▶ _REQUIRED ACTION_
All pictures are to be dropped, and everything else in the data duplicated exactly.

▶ _GIVEN MATERIAL_
* * * *

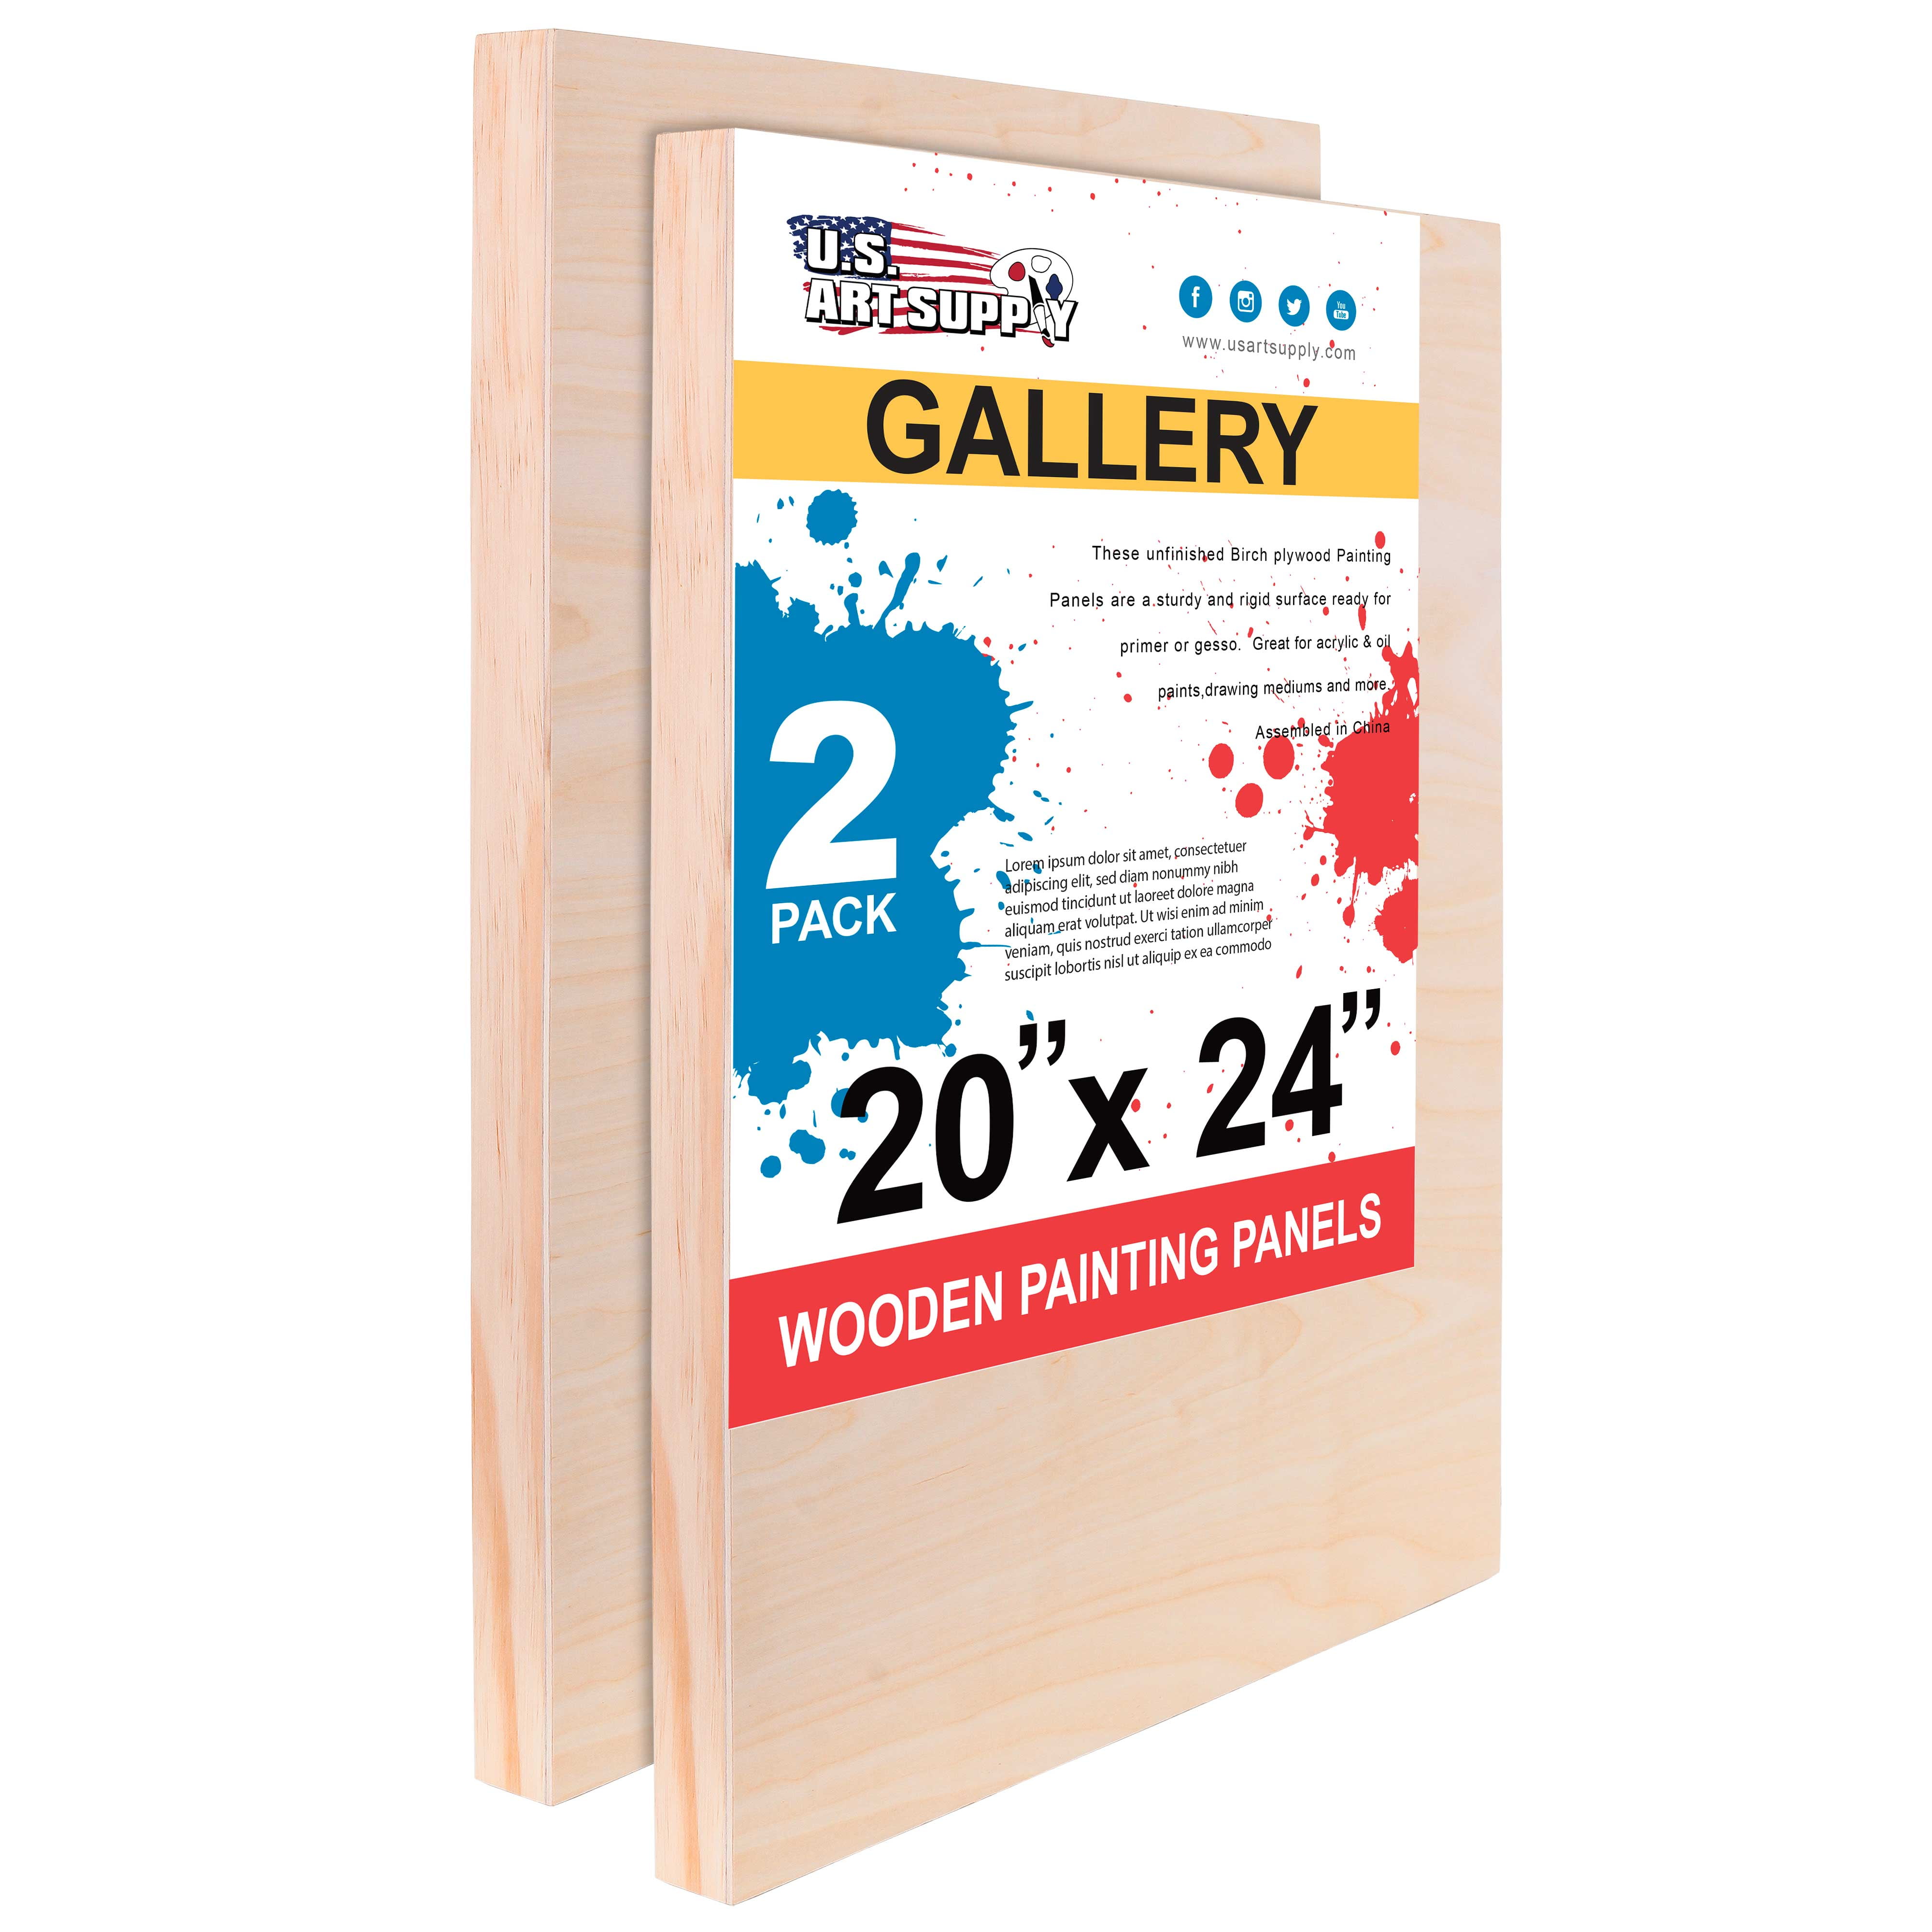 Gallery 1-1/2 Deep Cradle Art Supply 20 x 24 Birch Wood Paint Pouring Panel Boards - Artist Depth Wooden Wall Canvases Oil Encaustic Pack of 2 Painting Mixed-Media Craft Acrylic U.S 
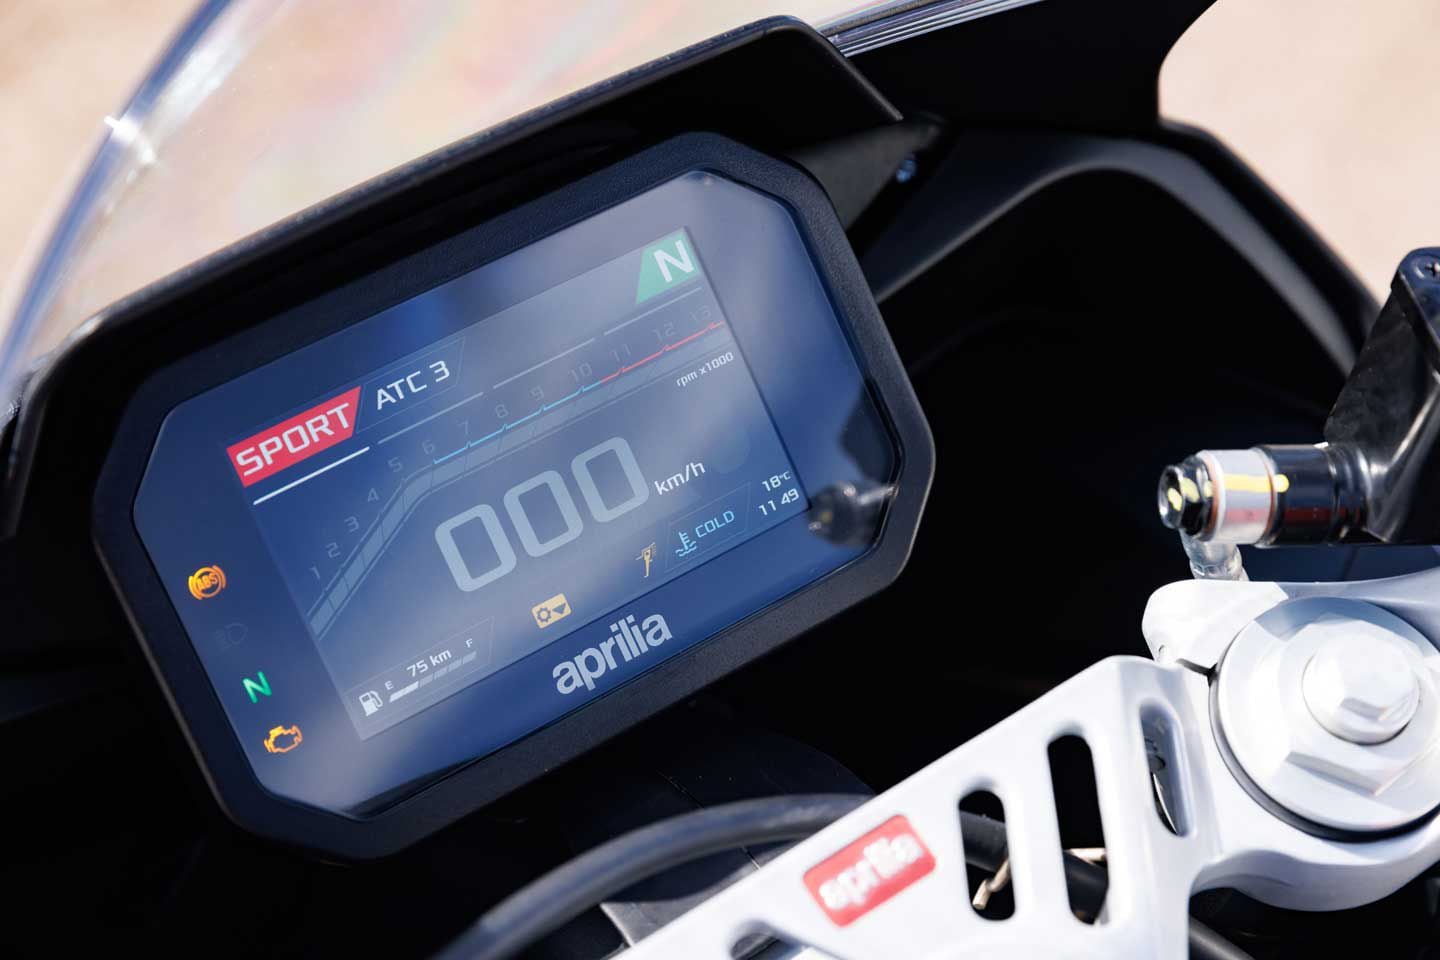 The Aprilia RS 457 comes equipped with a 5-inch TFT display with fonts and layouts similar to the RS 660 and RSV4.
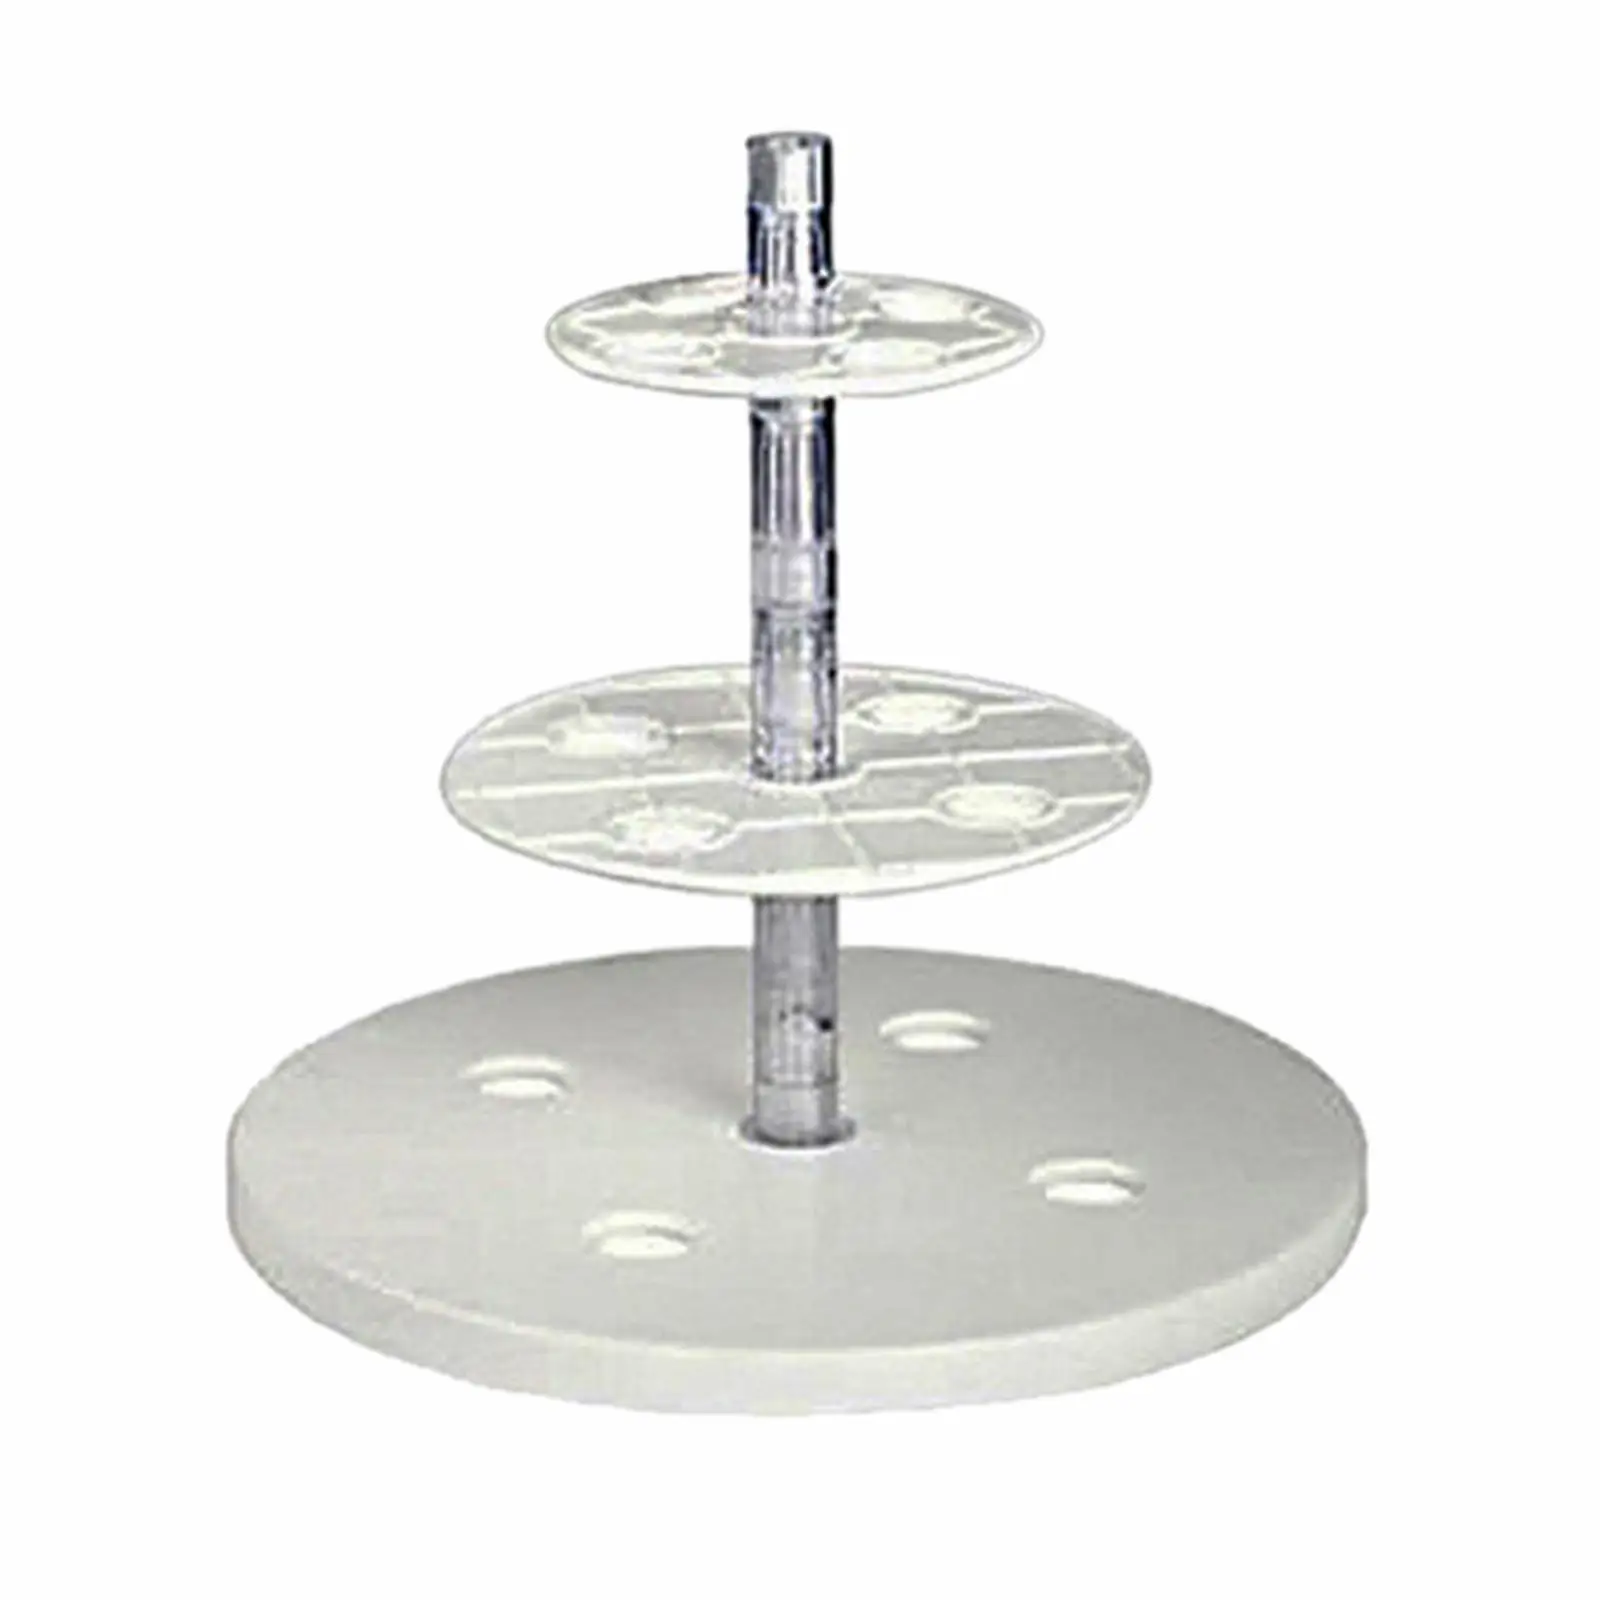 3 Tier Cake Stand Pastry Stand Pouring Cake Stand Centerpiece Tier Cake Support for Wedding Birthday Parties Celebration Cupcake

* * * *

▶ _RESULT FOR THIS EXERCISE_
 Gallery 1-1/2 Deep Cradle Art Supply 20 x 24 Birch Wood Paint Pouring Panel Boards - Artist Depth Wooden Wall Canvases Oil Encaustic Pack of 2 Painting Mixed-Media Craft Acrylic U.S 
 The Aprilia RS 457 comes equipped with a 5-inch TFT display with fonts and layouts similar to the RS 660 and RSV4.
 3 Tier Cake Stand Pastry Stand Pouring Cake Stand Centerpiece Tier Cake Support for Wedding Birthday Parties Celebration Cupcake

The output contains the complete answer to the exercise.